Finn sighed. ‘She played on your weaknesses. She knows you have a desire to belong to something now that your mother and grandmother are gone. She made you believe you had some kind of family bond with her.’ He stroked her arm, gently; she pulled it away.

‘And she also knew that your relationship with the human – who I tried to protect you from, but who you insisted on learning the hard way what manner of man he was – was one fraught with tension. If she could make you believe your baby was his, you would be more likely to give it up, given his treatment of you.’ He continued.

‘You’re saying that Lyr and Moronoe have plotted all along to take this baby. Because it’s yours.’

‘Yes.’ Finn reached for her hand. ‘She is a powerful queen. Murias has had some victories in the war, and Falias has been looking for a way to destabilise my advantage over the Crystal Castle. Moronoe may have used her magic to help your pregnancy in the first place. That, I do not know. But I do know that if she has my child in her kingdom, she can use it against me.’

‘You talk about your children as if they are weapons. All of you. This scheming, it’s so….’ Faye exhaled, exhausted. ‘I don’t know what to believe. If the baby’s yours, why didn’t you tell me before?’

‘Moronoe and Levantiana constructed a web of magic around you, Faye…I didn’t know. I am sorry.’

Though it was a dream, Faye still felt Finn’s familiar magic coursing through their linked hands.

‘How can I believe you?’ she whispered. ‘How can I believe anything?’

‘You don’t have to believe me, Faye.’ Finn drew her to him softly and kissed her cheek. ‘But you are the mother of my child now.’

She woke with a start, still feeling Finn’s hand in hers. Regardless of what she thought of Finn, she couldn’t deny that the link was still strong between them.

If the baby was Finn’s, then it thrust her even deeper into the faerie world. Faye had no idea how she’d be able to navigate the road ahead of her.

But at the same time, if it was Finn’s baby, then it gave her more power over him than she had ever had.

Faye watched the dawn filter in through her curtains and felt the baby kick for the first time. It was a sudden, strange sensation, like a cross between a hiccup and a punch. Not painful, but odd.

Startled, she rested her hand gently on her belly, waiting for it to kick again. Obligingly, the baby seemed to feel her hand or hear her expectation, because Faye felt a – was it a foot or a hand, perhaps a knee – lunge under her hand.

My baby.

She was filled with a sudden rush of love and tenderness, but also a wave of strength and power.

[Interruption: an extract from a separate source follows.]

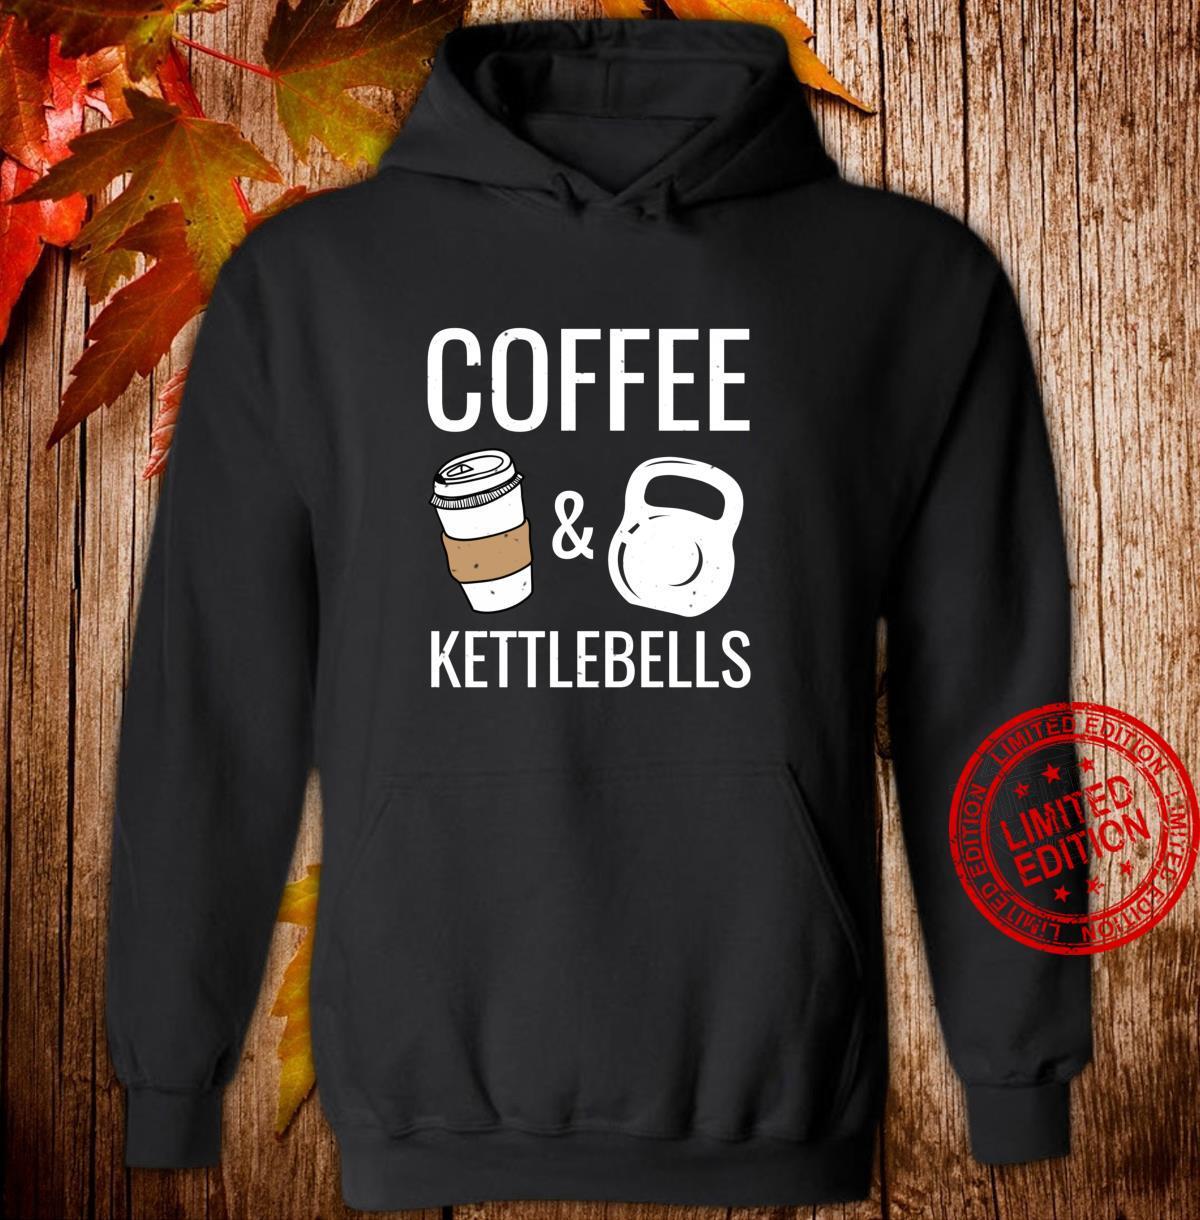 Kettlebells & Coffee HIIT Fitness Workout Gym Shirt hoodie

Faye knew in that moment that she would protect this baby from anything.

She would go to war for her baby; fight monsters, faerie queens and whatever other terror came her way.

She would willingly lie down in front of a speeding train, lose an arm or a leg, sacrifice anything if it meant that she would keep her baby safe.

It was clear this baby would have a great significance to the faerie kingdoms. But the identity of his biological father, Faye realised, was almost irrelevant.

This was her baby, her child, her magic.

It was the magic of every woman to be able to create life inside herself, and the folly of men to believe that they could burn a brand of ownership onto a child after the fact.

Whoever the father of this child was, he would be born a Morgan. And a Morgan – male or female – had the power of the witch running in their veins.